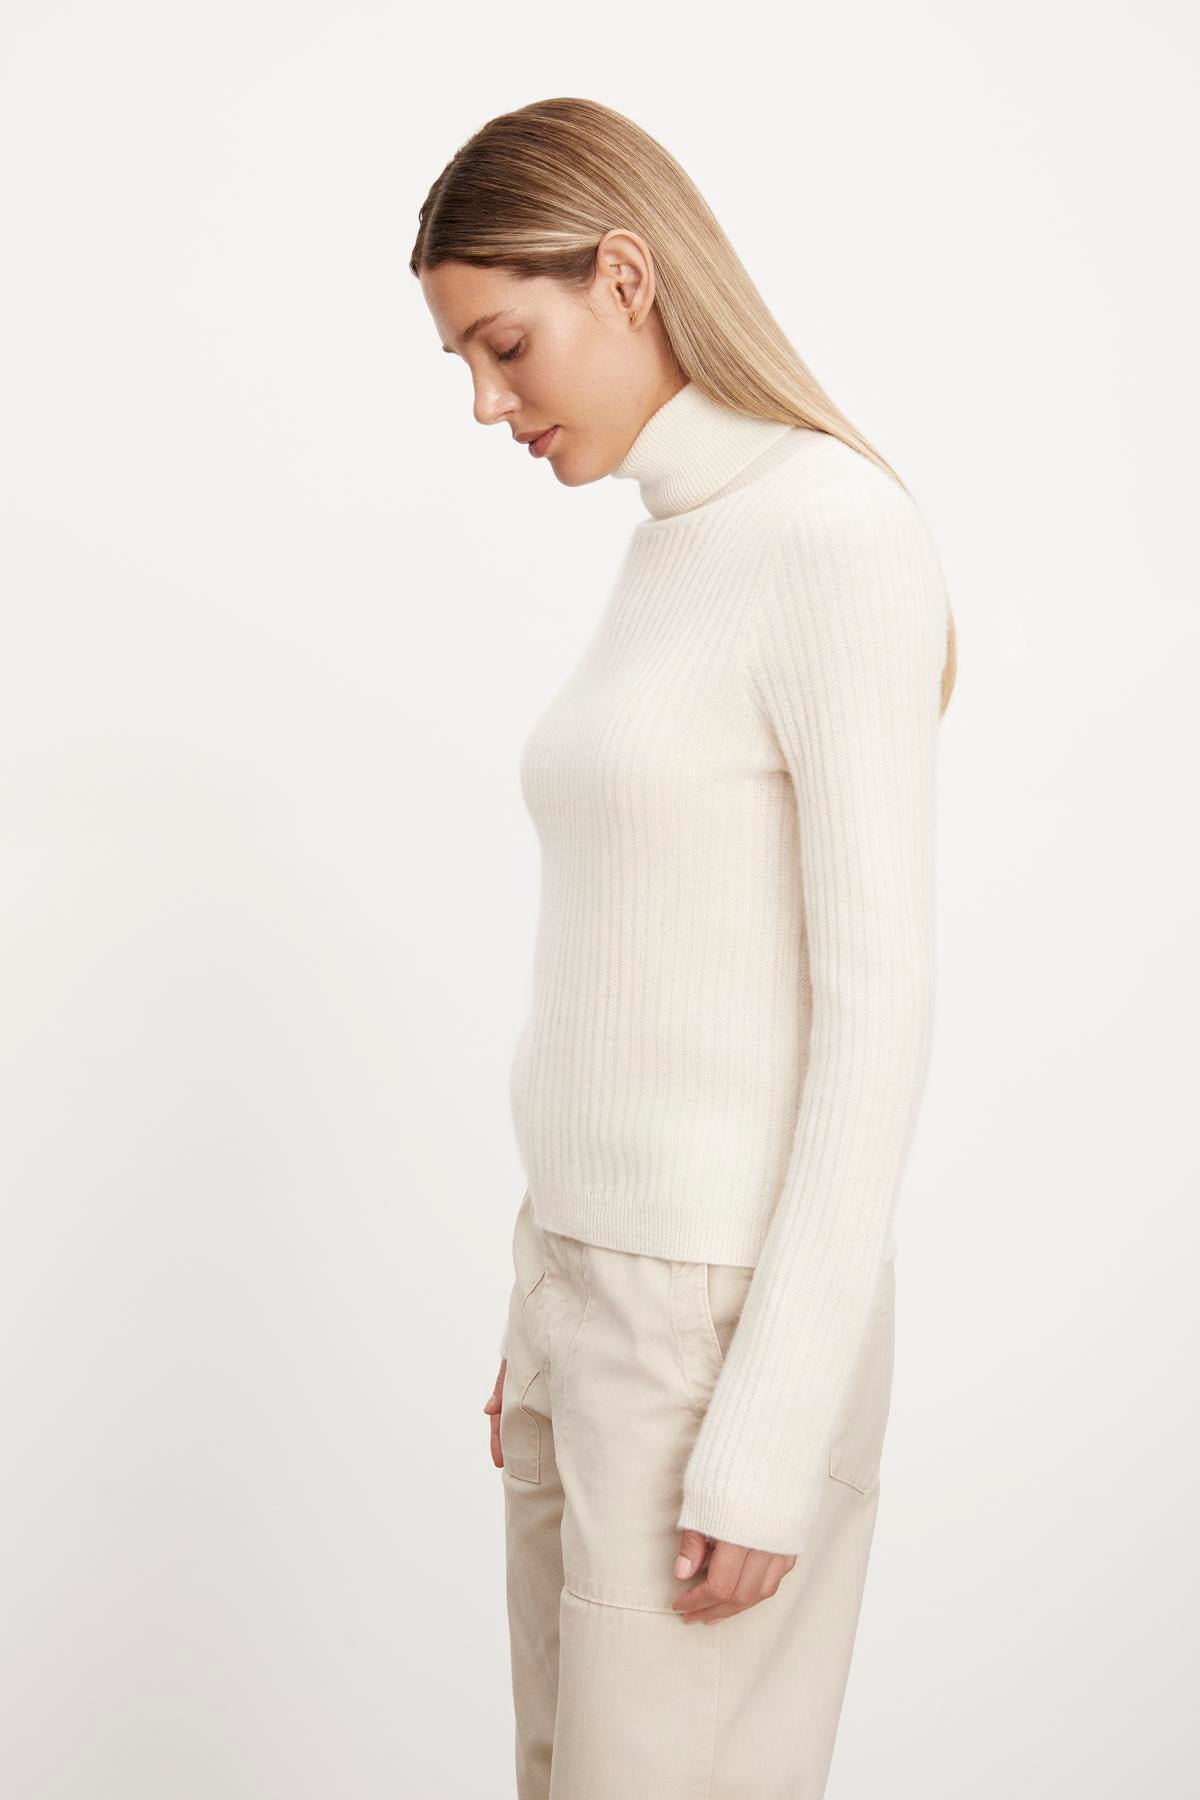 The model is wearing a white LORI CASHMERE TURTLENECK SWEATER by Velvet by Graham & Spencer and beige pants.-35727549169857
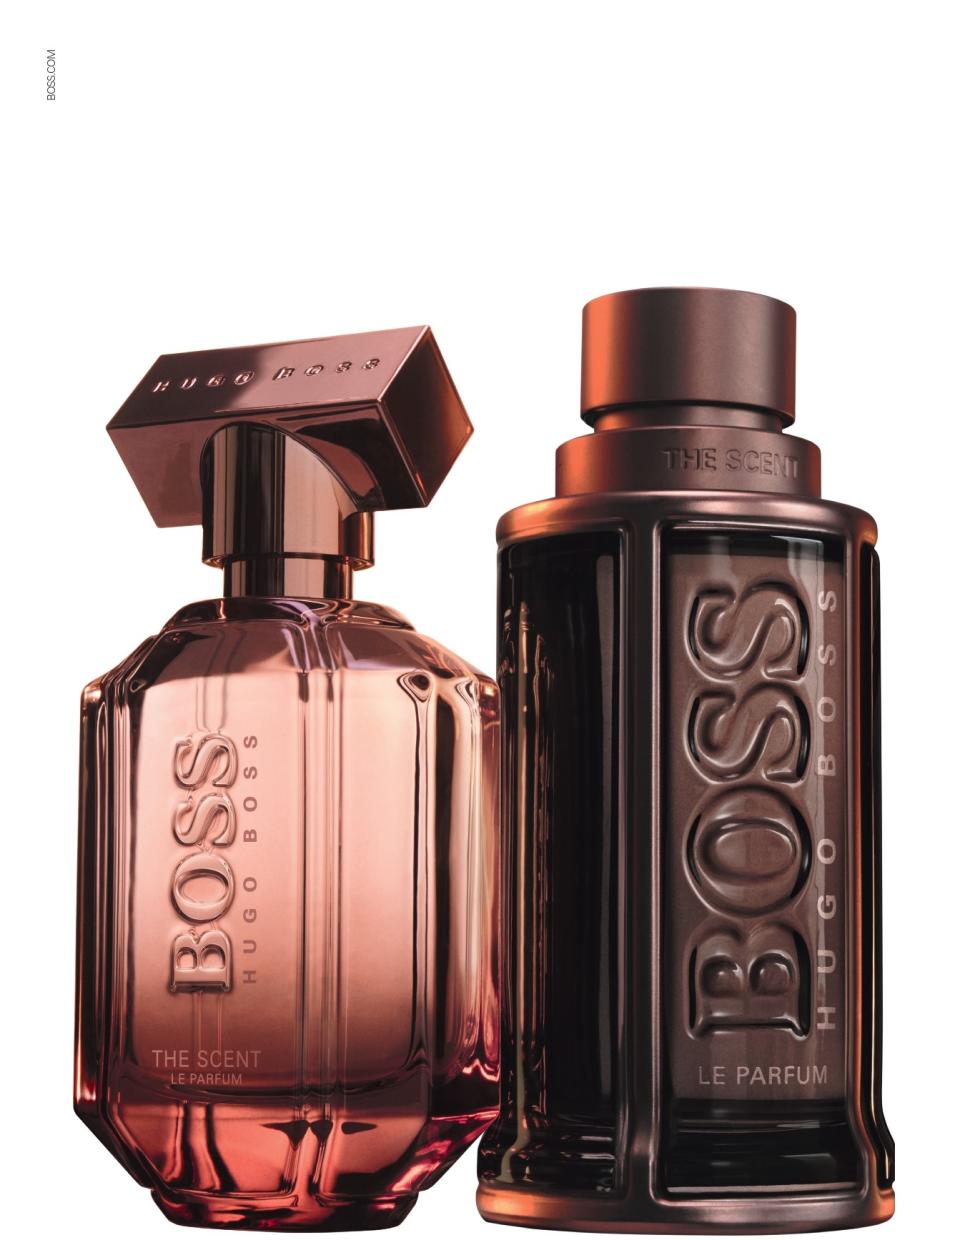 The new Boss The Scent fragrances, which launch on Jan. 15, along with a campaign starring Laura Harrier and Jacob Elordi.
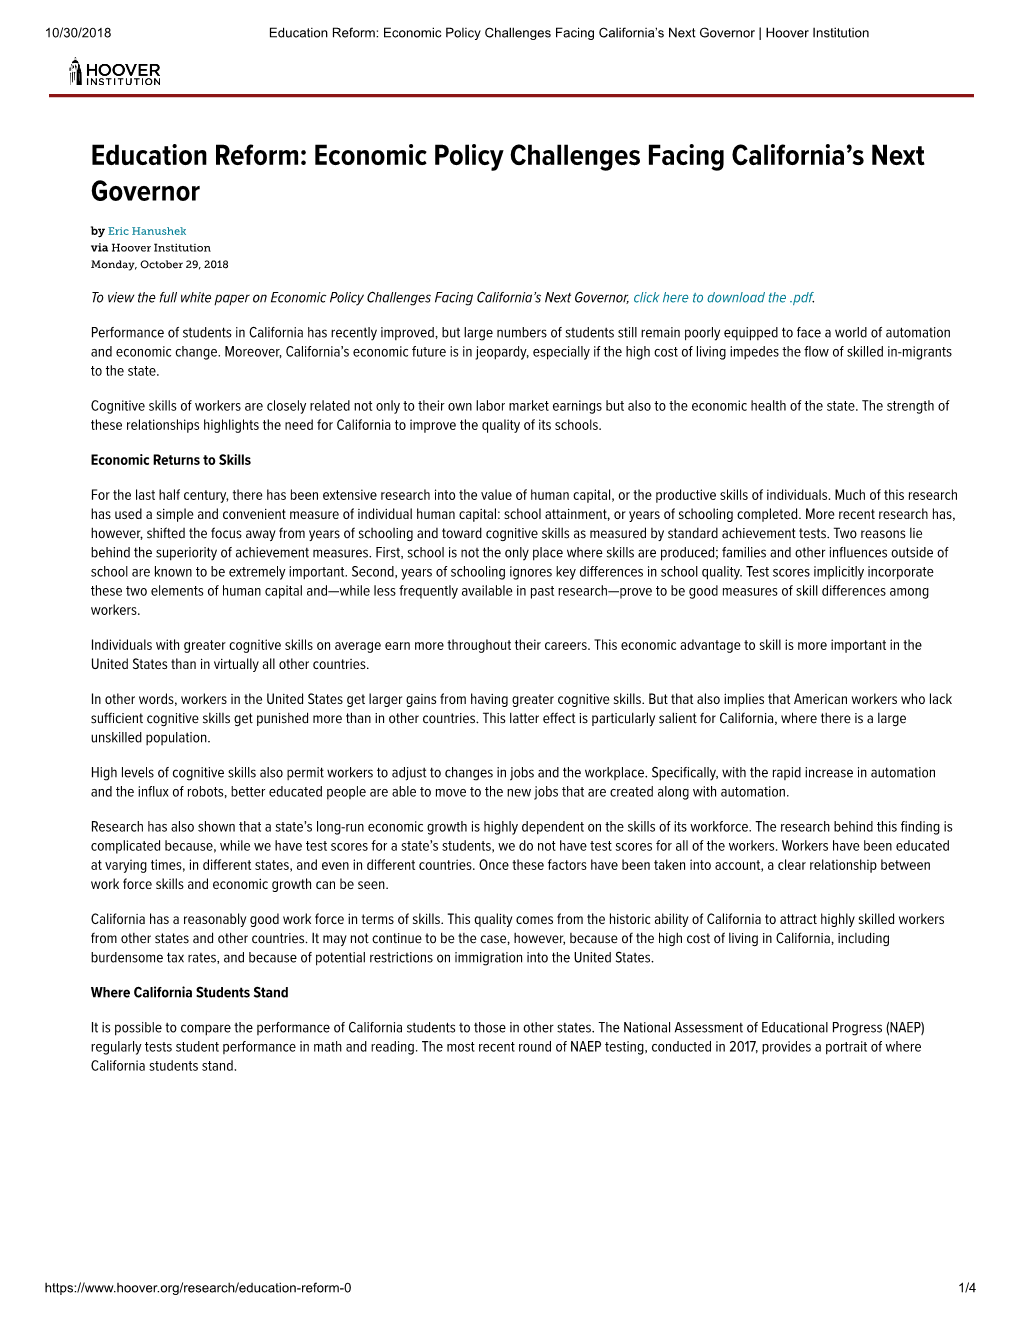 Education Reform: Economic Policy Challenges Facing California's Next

★ ★ ★ ★ ★

Exercise description :: Without the pictures, write out every line above exactly as it appears.

Answer for this exercise ::
 The model is wearing a white LORI CASHMERE TURTLENECK SWEATER by Velvet by Graham & Spencer and beige pants.-35727549169857
 The new Boss The Scent fragrances, which launch on Jan. 15, along with a campaign starring Laura Harrier and Jacob Elordi.
 Education Reform: Economic Policy Challenges Facing California's Next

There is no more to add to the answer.